### The records

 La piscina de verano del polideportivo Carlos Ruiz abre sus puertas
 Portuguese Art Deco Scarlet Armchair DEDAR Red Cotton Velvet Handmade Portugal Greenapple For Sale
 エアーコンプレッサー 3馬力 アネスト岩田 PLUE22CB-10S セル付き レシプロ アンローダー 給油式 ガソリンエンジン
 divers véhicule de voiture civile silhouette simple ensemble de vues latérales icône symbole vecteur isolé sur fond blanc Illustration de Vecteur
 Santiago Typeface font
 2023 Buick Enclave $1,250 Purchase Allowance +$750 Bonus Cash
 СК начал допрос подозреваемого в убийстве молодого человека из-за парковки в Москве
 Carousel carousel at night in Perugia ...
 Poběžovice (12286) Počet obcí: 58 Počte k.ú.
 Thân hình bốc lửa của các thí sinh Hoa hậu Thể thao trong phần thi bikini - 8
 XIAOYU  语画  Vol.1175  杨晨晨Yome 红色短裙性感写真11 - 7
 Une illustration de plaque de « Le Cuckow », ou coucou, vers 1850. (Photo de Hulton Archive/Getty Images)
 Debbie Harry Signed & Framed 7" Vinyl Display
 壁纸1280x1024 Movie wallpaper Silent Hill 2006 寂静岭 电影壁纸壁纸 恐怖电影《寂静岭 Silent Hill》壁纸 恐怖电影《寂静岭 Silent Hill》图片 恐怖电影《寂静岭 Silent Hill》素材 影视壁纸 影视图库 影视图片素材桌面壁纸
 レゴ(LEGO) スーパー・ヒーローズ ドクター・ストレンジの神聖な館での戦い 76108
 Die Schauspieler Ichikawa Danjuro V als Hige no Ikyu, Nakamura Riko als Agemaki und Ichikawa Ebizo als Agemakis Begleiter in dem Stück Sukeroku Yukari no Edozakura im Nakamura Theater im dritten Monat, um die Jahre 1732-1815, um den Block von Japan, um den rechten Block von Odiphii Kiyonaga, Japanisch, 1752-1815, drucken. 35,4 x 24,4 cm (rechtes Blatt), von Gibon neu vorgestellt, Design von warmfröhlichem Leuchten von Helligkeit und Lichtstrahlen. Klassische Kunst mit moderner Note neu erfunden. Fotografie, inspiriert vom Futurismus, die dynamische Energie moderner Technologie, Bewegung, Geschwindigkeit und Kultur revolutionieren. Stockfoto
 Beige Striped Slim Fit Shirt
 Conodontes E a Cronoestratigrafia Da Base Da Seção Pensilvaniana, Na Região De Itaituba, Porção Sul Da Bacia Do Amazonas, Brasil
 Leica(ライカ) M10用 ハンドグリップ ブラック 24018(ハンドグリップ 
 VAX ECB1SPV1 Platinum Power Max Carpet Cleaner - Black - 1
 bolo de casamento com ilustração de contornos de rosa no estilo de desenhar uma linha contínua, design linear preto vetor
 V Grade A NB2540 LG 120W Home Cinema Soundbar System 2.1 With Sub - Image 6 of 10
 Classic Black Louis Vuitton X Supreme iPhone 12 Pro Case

### What you need to do
Output every entry exactly.

### Response to this exercise
 La piscina de verano del polideportivo Carlos Ruiz abre sus puertas
 Portuguese Art Deco Scarlet Armchair DEDAR Red Cotton Velvet Handmade Portugal Greenapple For Sale
 エアーコンプレッサー 3馬力 アネスト岩田 PLUE22CB-10S セル付き レシプロ アンローダー 給油式 ガソリンエンジン
 divers véhicule de voiture civile silhouette simple ensemble de vues latérales icône symbole vecteur isolé sur fond blanc Illustration de Vecteur
 Santiago Typeface font
 2023 Buick Enclave $1,250 Purchase Allowance +$750 Bonus Cash
 СК начал допрос подозреваемого в убийстве молодого человека из-за парковки в Москве
 Carousel carousel at night in Perugia ...
 Poběžovice (12286) Počet obcí: 58 Počte k.ú.
 Thân hình bốc lửa của các thí sinh Hoa hậu Thể thao trong phần thi bikini - 8
 XIAOYU  语画  Vol.1175  杨晨晨Yome 红色短裙性感写真11 - 7
 Une illustration de plaque de « Le Cuckow », ou coucou, vers 1850. (Photo de Hulton Archive/Getty Images)
 Debbie Harry Signed & Framed 7" Vinyl Display
 壁纸1280x1024 Movie wallpaper Silent Hill 2006 寂静岭 电影壁纸壁纸 恐怖电影《寂静岭 Silent Hill》壁纸 恐怖电影《寂静岭 Silent Hill》图片 恐怖电影《寂静岭 Silent Hill》素材 影视壁纸 影视图库 影视图片素材桌面壁纸
 レゴ(LEGO) スーパー・ヒーローズ ドクター・ストレンジの神聖な館での戦い 76108
 Die Schauspieler Ichikawa Danjuro V als Hige no Ikyu, Nakamura Riko als Agemaki und Ichikawa Ebizo als Agemakis Begleiter in dem Stück Sukeroku Yukari no Edozakura im Nakamura Theater im dritten Monat, um die Jahre 1732-1815, um den Block von Japan, um den rechten Block von Odiphii Kiyonaga, Japanisch, 1752-1815, drucken. 35,4 x 24,4 cm (rechtes Blatt), von Gibon neu vorgestellt, Design von warmfröhlichem Leuchten von Helligkeit und Lichtstrahlen. Klassische Kunst mit moderner Note neu erfunden. Fotografie, inspiriert vom Futurismus, die dynamische Energie moderner Technologie, Bewegung, Geschwindigkeit und Kultur revolutionieren. Stockfoto
 Beige Striped Slim Fit Shirt
 Conodontes E a Cronoestratigrafia Da Base Da Seção Pensilvaniana, Na Região De Itaituba, Porção Sul Da Bacia Do Amazonas, Brasil
 Leica(ライカ) M10用 ハンドグリップ ブラック 24018(ハンドグリップ 
 VAX ECB1SPV1 Platinum Power Max Carpet Cleaner - Black - 1
 bolo de casamento com ilustração de contornos de rosa no estilo de desenhar uma linha contínua, design linear preto vetor
 V Grade A NB2540 LG 120W Home Cinema Soundbar System 2.1 With Sub - Image 6 of 10
 Classic Black Louis Vuitton X Supreme iPhone 12 Pro Case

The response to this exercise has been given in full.